Your Gateway to Health, Strength, and Muscle

THE Community Center for Self-Resistance Exercise

The exercises described herein are bona-fide strength-gaining, muscle building exercises, all of which require no equipment and can be performed virtually anywhere at any time. You could do them all at once, which would require your setting up a routine that you would faithfully adhere to, or you could spread them out throughout the work day, as I do. If you choose to spread out your exercises, be sure to do all of the exercises for one group of muscles at a time. For example, when I get to work and am waiting for my computer to load, I go through all of the chest exercises.

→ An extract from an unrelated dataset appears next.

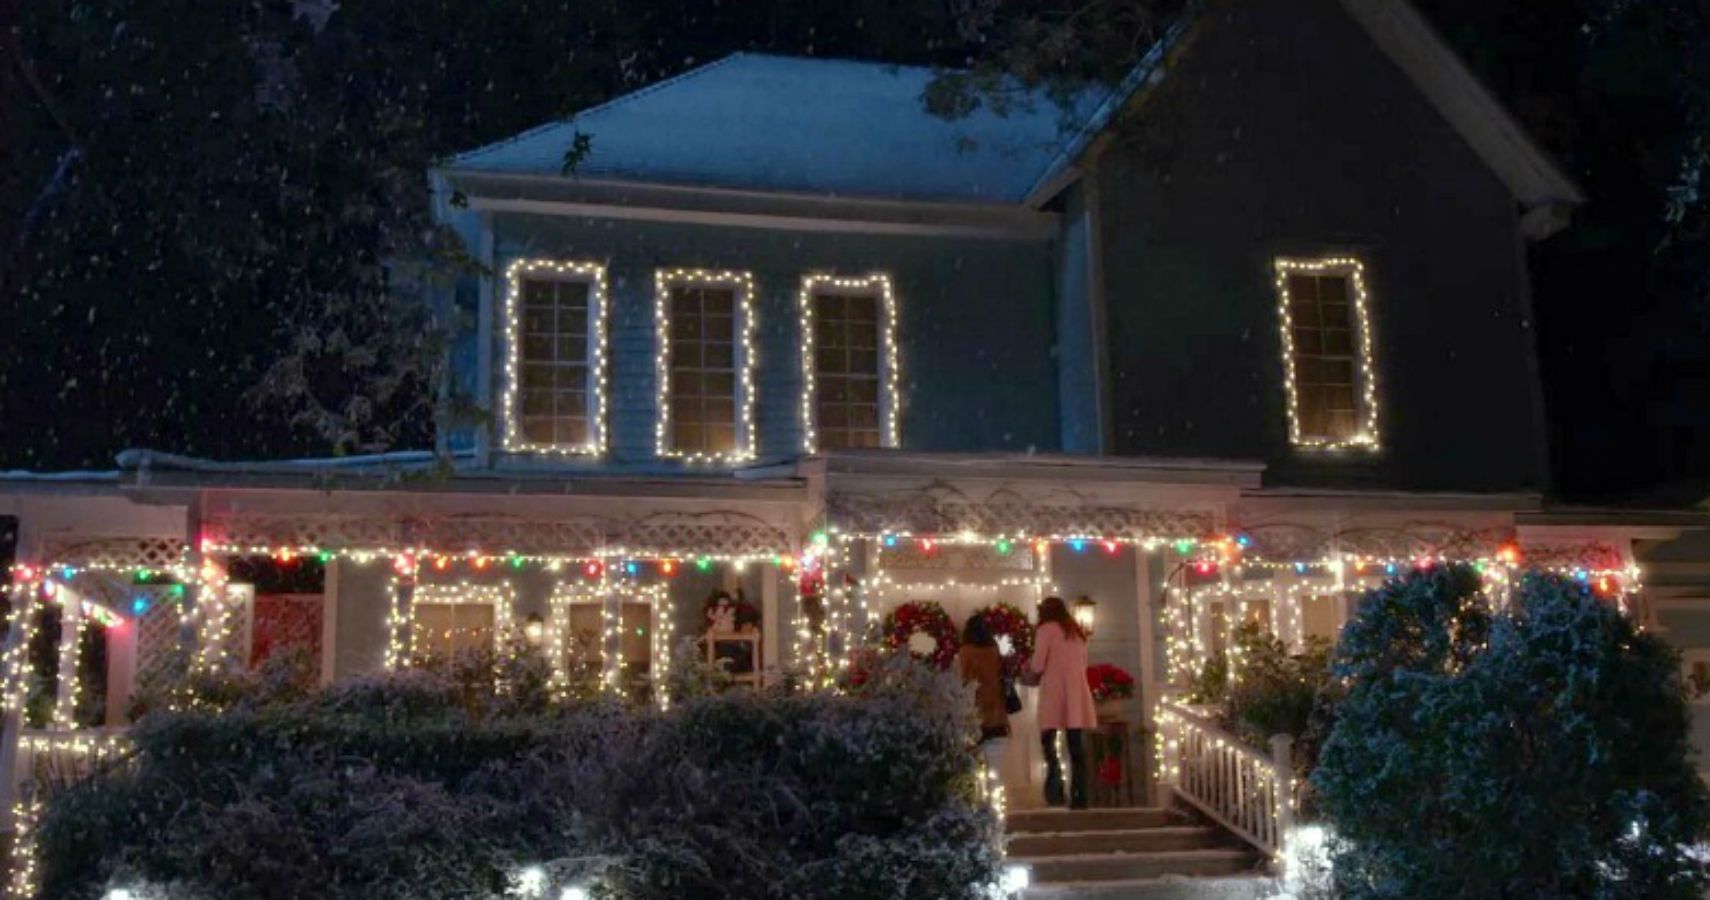 As fãs de Gilmore Girls podem almoçar no Lorelai & Rory's Stars Hollow Home

I once lifted weights five mornings a week for twelve straight years. One morning I just wasn’t inspired go through my routine, and ended up stopping altogether. For the next four years I got absolutely no exercise whatsoever, and then one day I took a hard look at myself and wasn’t too happy with what I saw. All my weight had traveled south and consolidated around my waist. My arms, shoulders, and chest had become flabby and had shrunk considerably in size. I decided it was time to get back into shape and to rebuild the physique I had once been proud of. With a Herculean effort I renewed my morning workouts, and within three months I was just about back to where I once was. The problem was that the enthusiasm of previous years just wasn’t there and it took every ounce of resolve I had to get through the routines. The workouts also began leaving me feeling fatigued. I kept up my morning routine for six months until, finally, I felt the need to give it a rest.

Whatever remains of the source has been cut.